Last night I was online doing follow-up research on a Chandler, AZ police department seatbelt checkpoint that was conducted last week. I initially reported the news story on Freedom’s Phoenix but wanted additional information given that such checkpoints appear to violate Arizona law:
ARS 28-909C: “A peace officer shall not stop or issue a citation to a person operating a motor vehicle on a highway in this state for a violation of this section unless the peace officer has reasonable cause to believe there is another alleged violation of a motor vehicle law of this state.”
While I didn’t find any additional information regarding these seatbelt checkpoints, I did find something just as useful – sobriety checkpoint guidelines published by the same police department.

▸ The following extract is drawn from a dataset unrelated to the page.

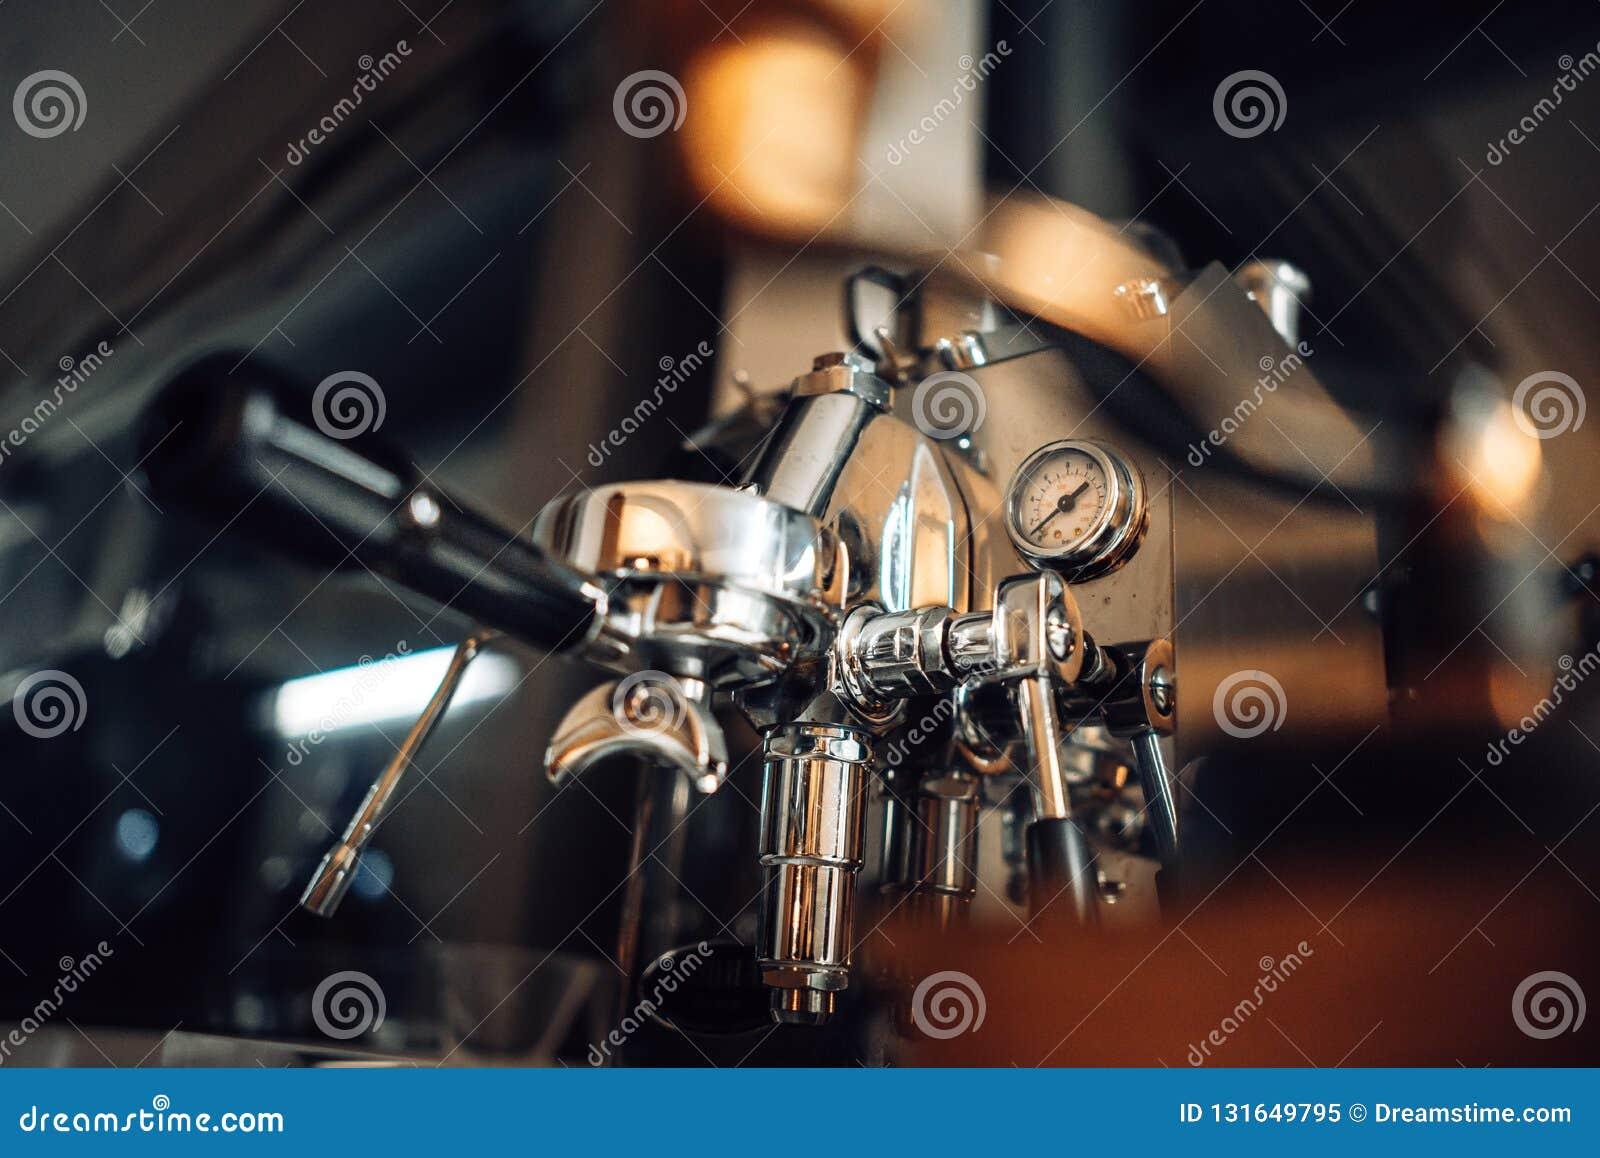 Fabricant Italien De Cuisine groupe de la machine e61 de fabricant de café de vue d'angle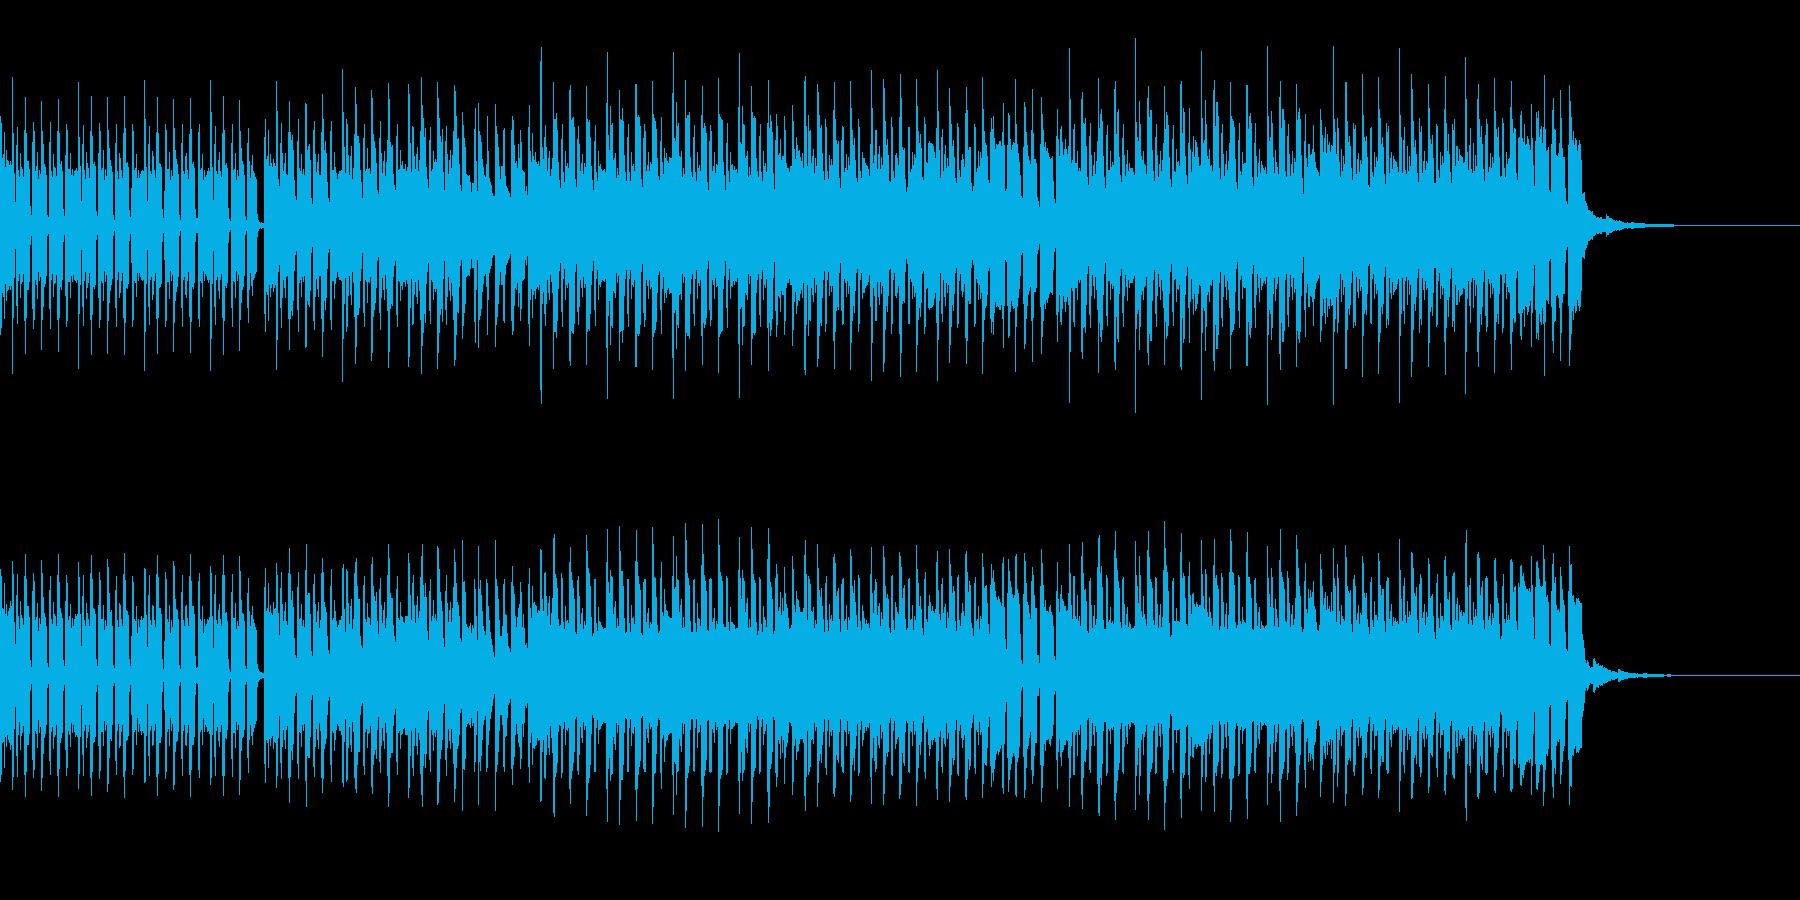 ゆるゆるEDM系ループBGMの再生済みの波形

What was especially interesting about these guidelines was the following:
- Individuals may choose to avoid the roadblock altogether:
Vehicle making a U-turn or using escape route to avoid checkpoint: You may follow vehicle for a distance not to exceed one mile
1) If officer observes a violation or suspicious driving, he may stop the vehicle and proceed as for a normal traffic contact
2) If officer observes no violation within one mile, return to the checkpoint site without stopping the vehicle
- Individuals may refuse to roll down their window and interact with the stopping officer. By extension this means document and license checks are NOT part of sobriety checkpoint operations:
Refusal to roll down a window: Wave vehicle through and may follow for a distance of not more than one mile
- Individuals may choose to NOT cooperate after being stopped:
Refusal to cooperate: Do not detain only for that reason. Follow the procedure outlined in U-turn above.
Basically, these guidelines implicitly recognize the fact that every sobriety checkpoint stop represents a seizure under the fourth amendment and that officers are conducting investigations absent reasonable suspicion of wrongdoing. If officers forced drivers to interact with them, they would, in essence, be forcing individuals to potentially incriminate themselves in violation of the fifth amendment.
These checkpoint guidelines attempt to sidestep such legal issues by giving individuals the unspoken option of either avoiding the roadblock all together or refusing to interact with the stopping officer.
Pima Country Sheriff Department guidelines I acquired via an Open Records request last year are similarly worded. Unfortunately, many individuals are still unaware of the extent of their rights when confronted with such police-state operations.
Hopefully this blog will play a small role in shedding some light on this confusing and intimidating topic. The bottom line is if you value your rights, just say no (or say nothing at all) regarding intrusive police checkpoint operations!
Also remember that laws vary from state to state so what may be true for Arizonans is not necessarily true in other places around the country.